§ **Source data**
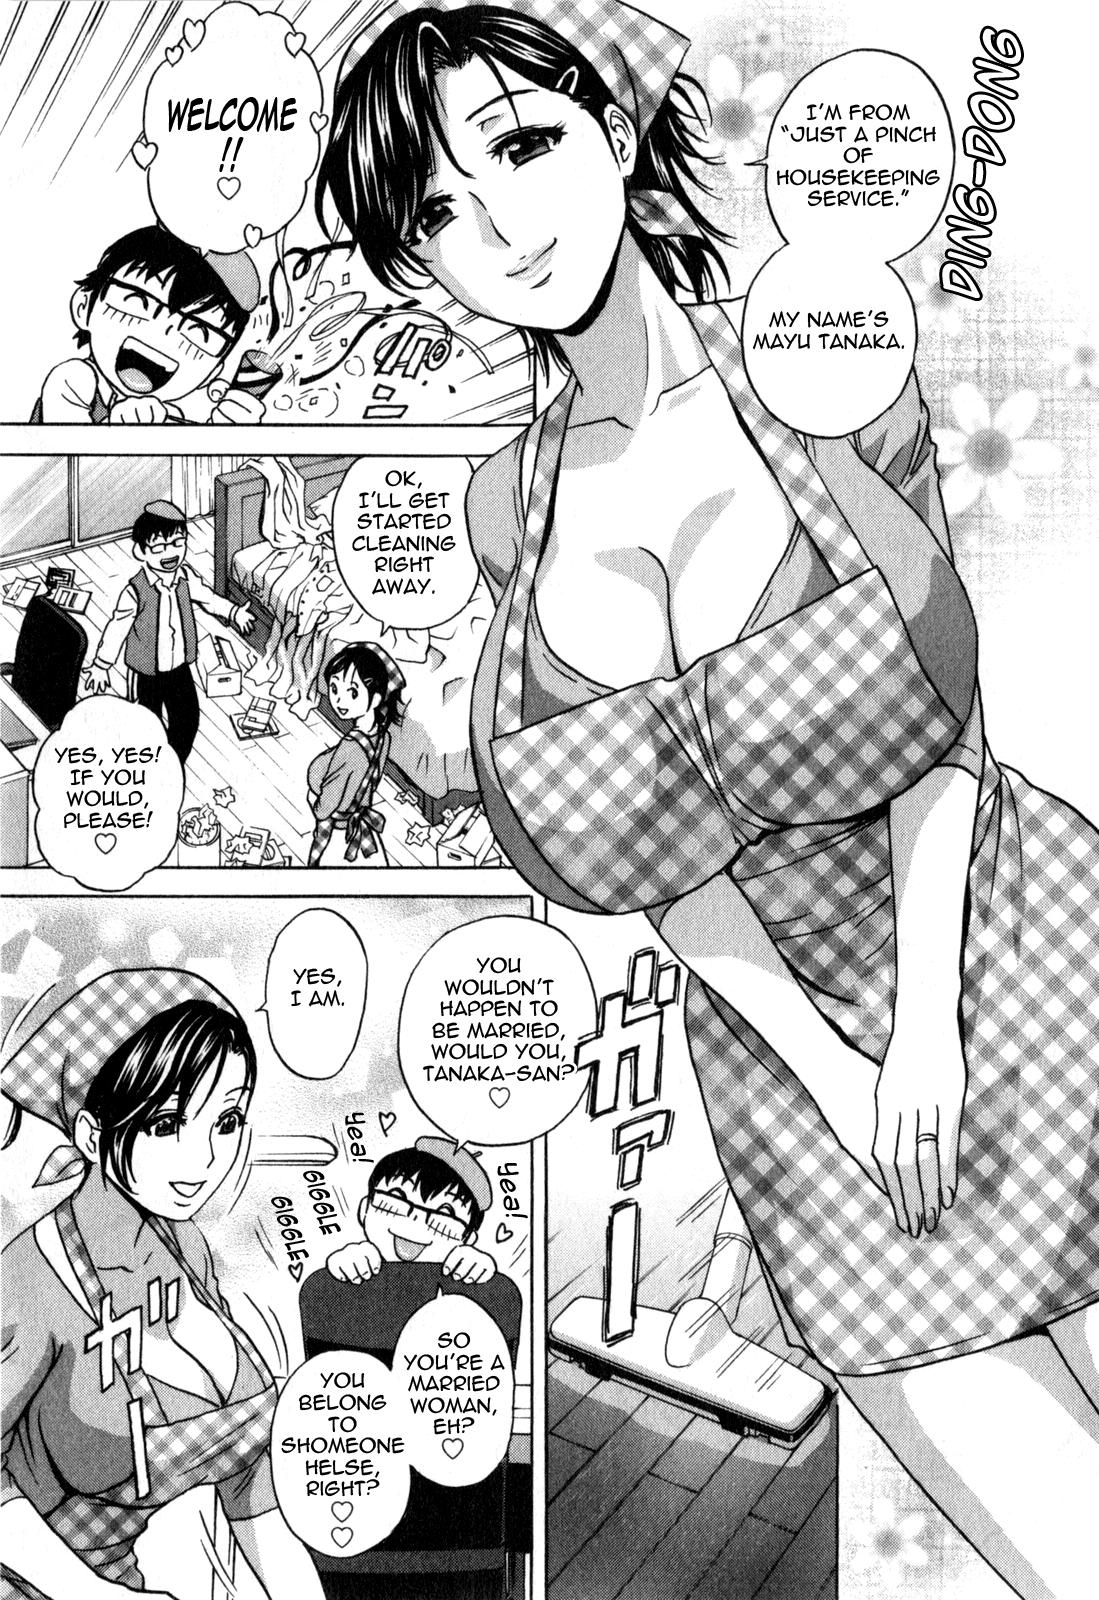 Life with Married Women Just Like a Manga 3 70
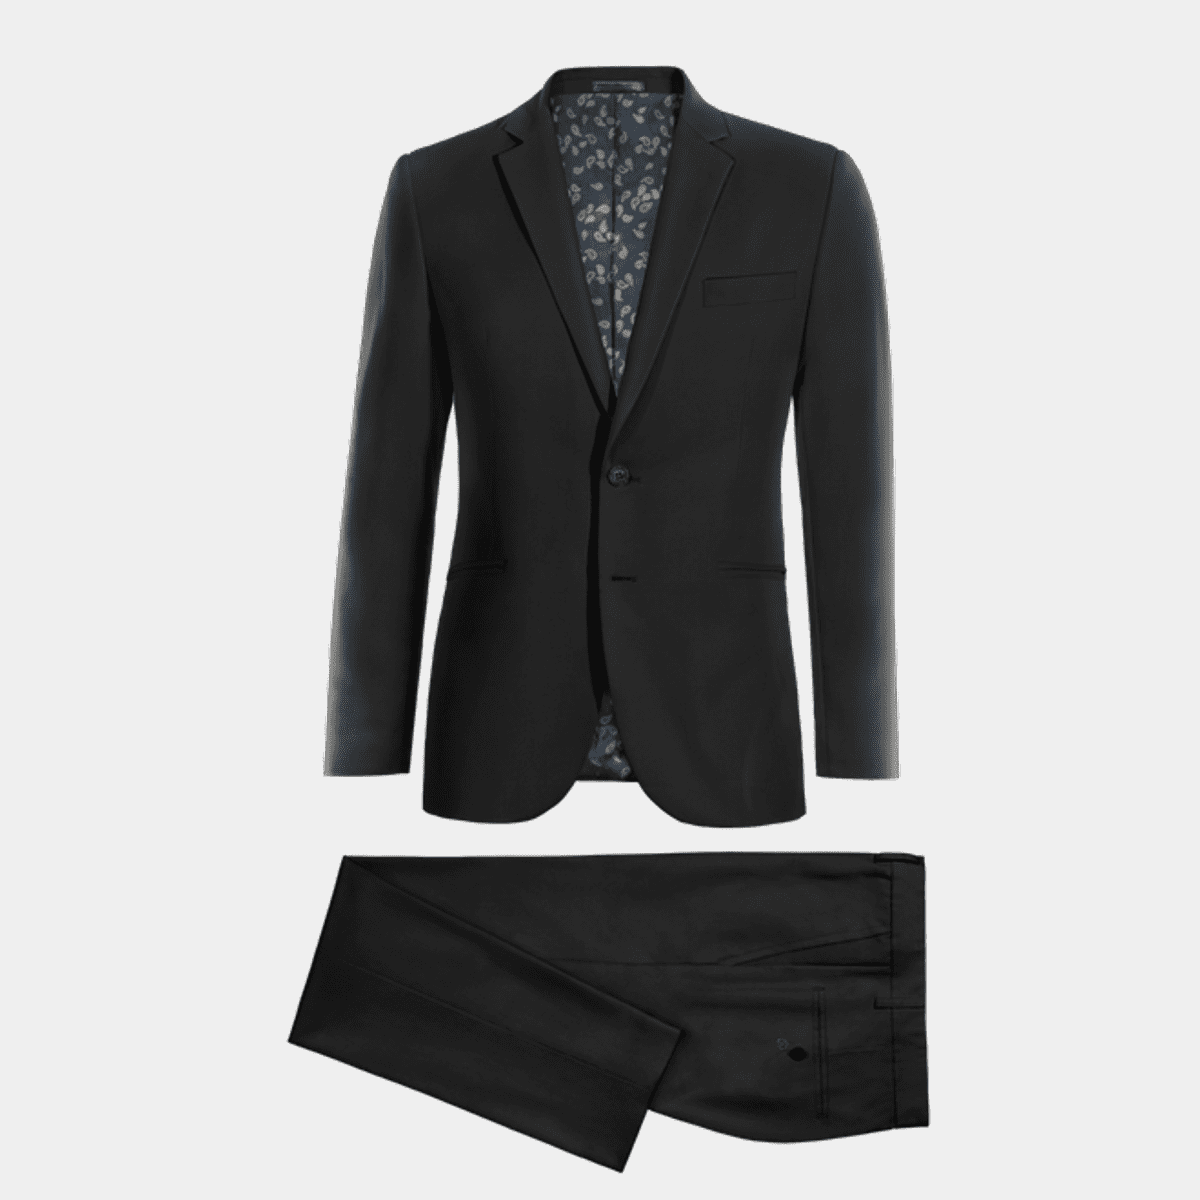 Black Suits for Men Online - Hockerty
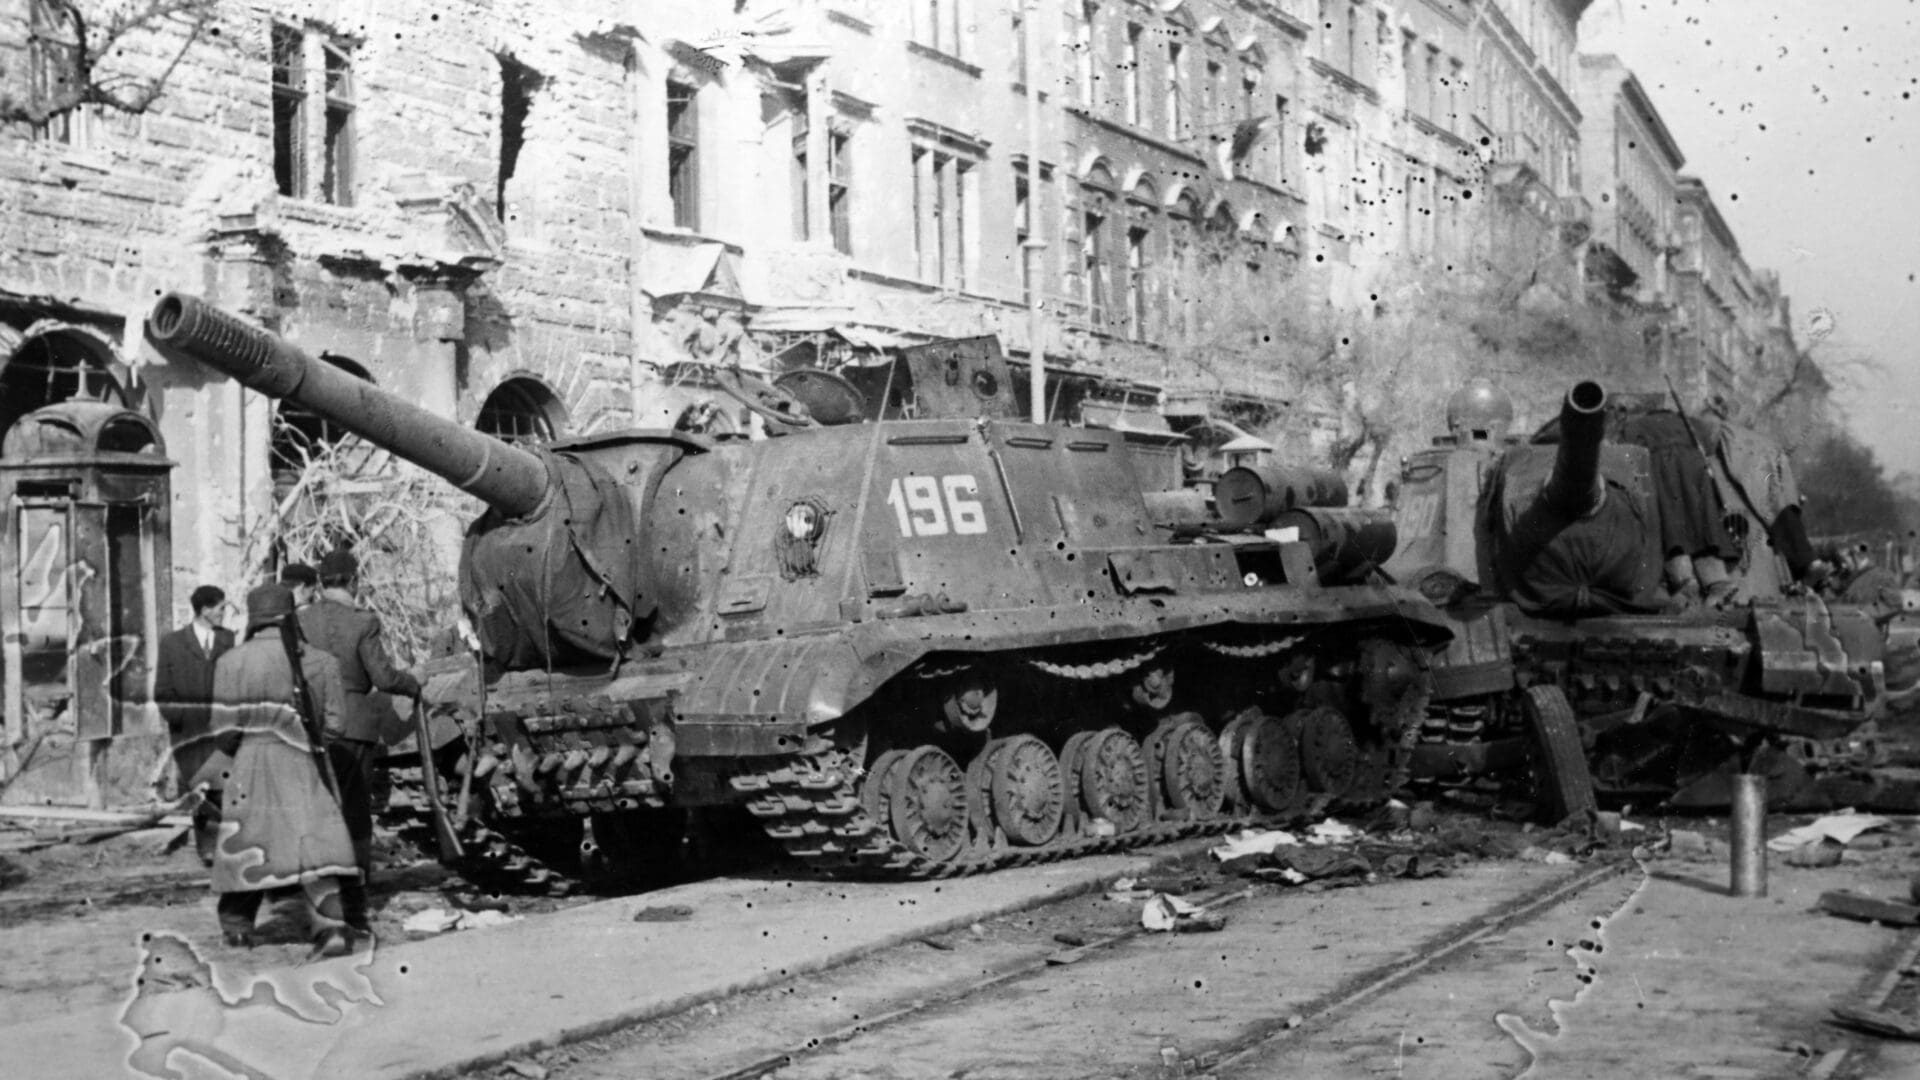 Revolutionaries near two destroyed tanks in Budapest in November 1956.
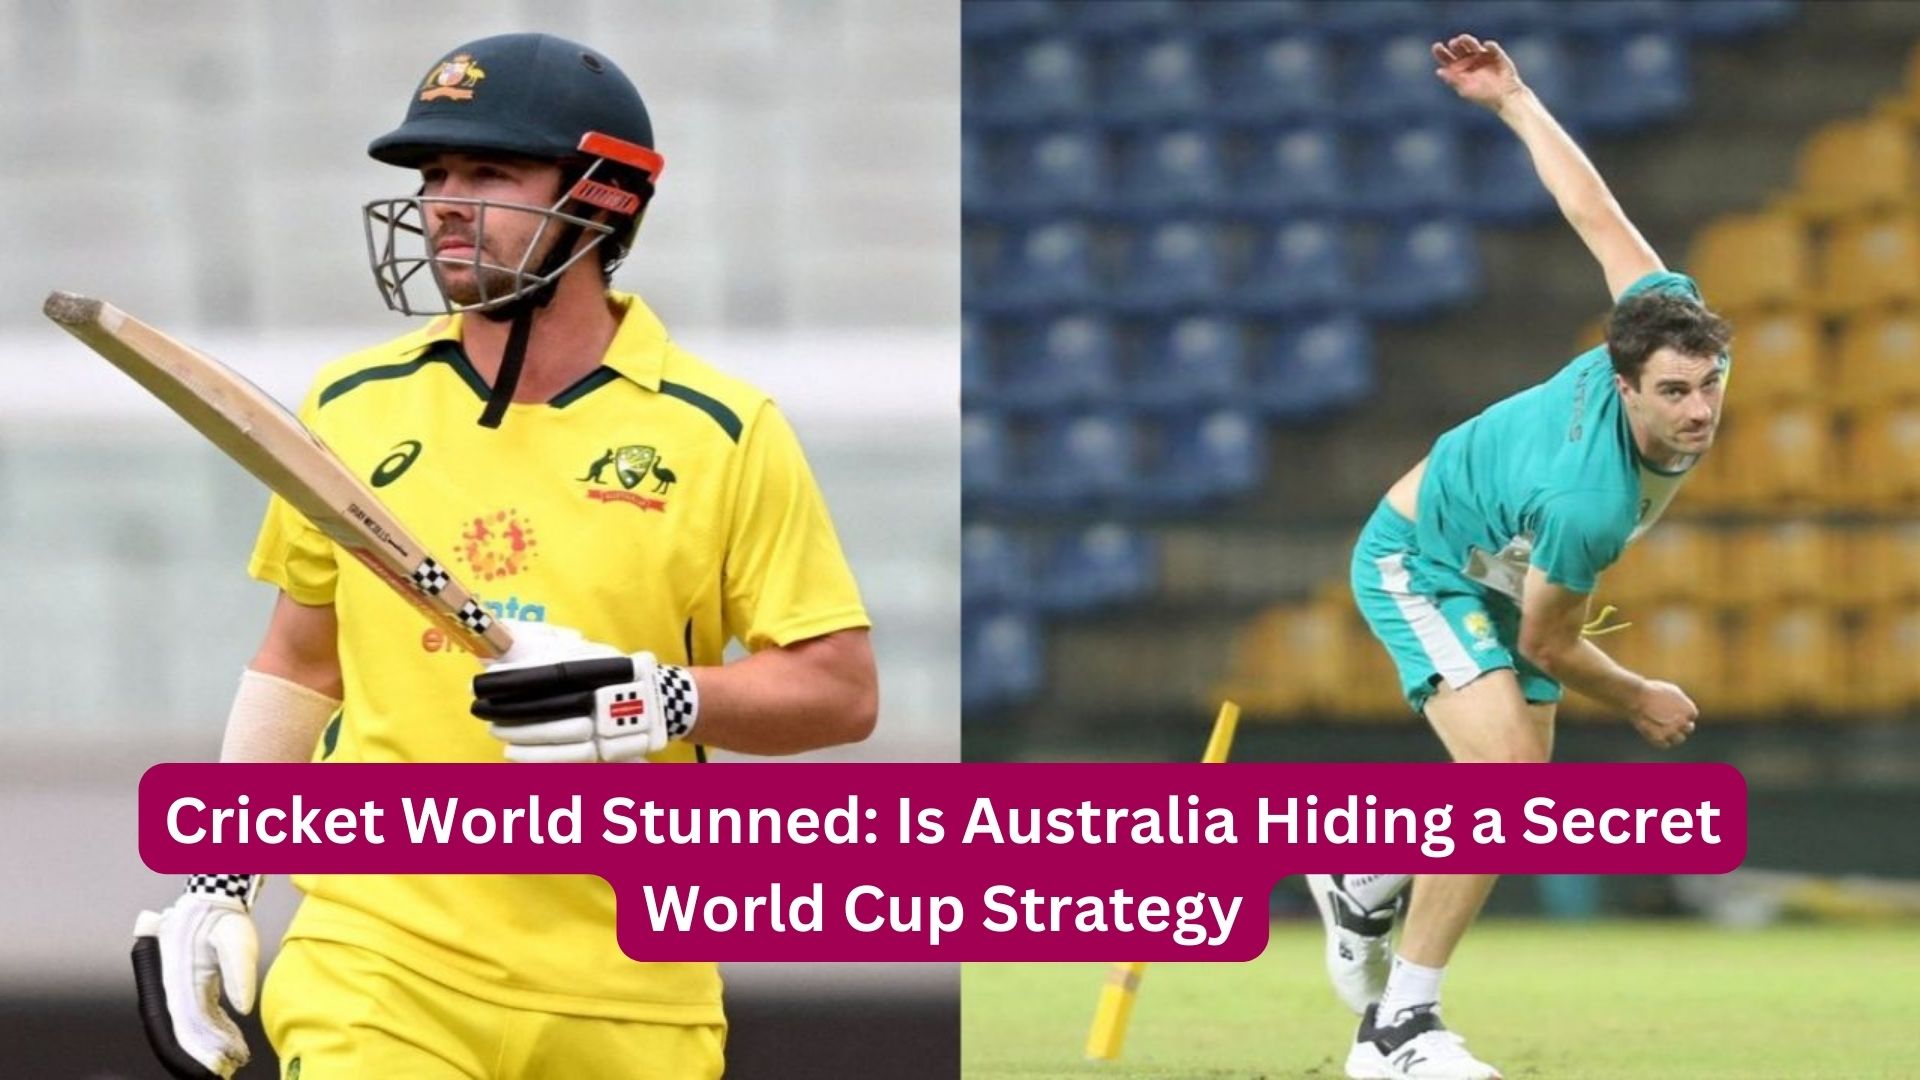 Cricket World Stunned: Is Australia Hiding a Secret World Cup Strategy

§ **Task item**
Omit the pictures. Repeat the rest of the data exactly.

§ **Task result**
 Life with Married Women Just Like a Manga 3 70
 Black Suits for Men Online - Hockerty
 Revolutionaries near two destroyed tanks in Budapest in November 1956.
 Cricket World Stunned: Is Australia Hiding a Secret World Cup Strategy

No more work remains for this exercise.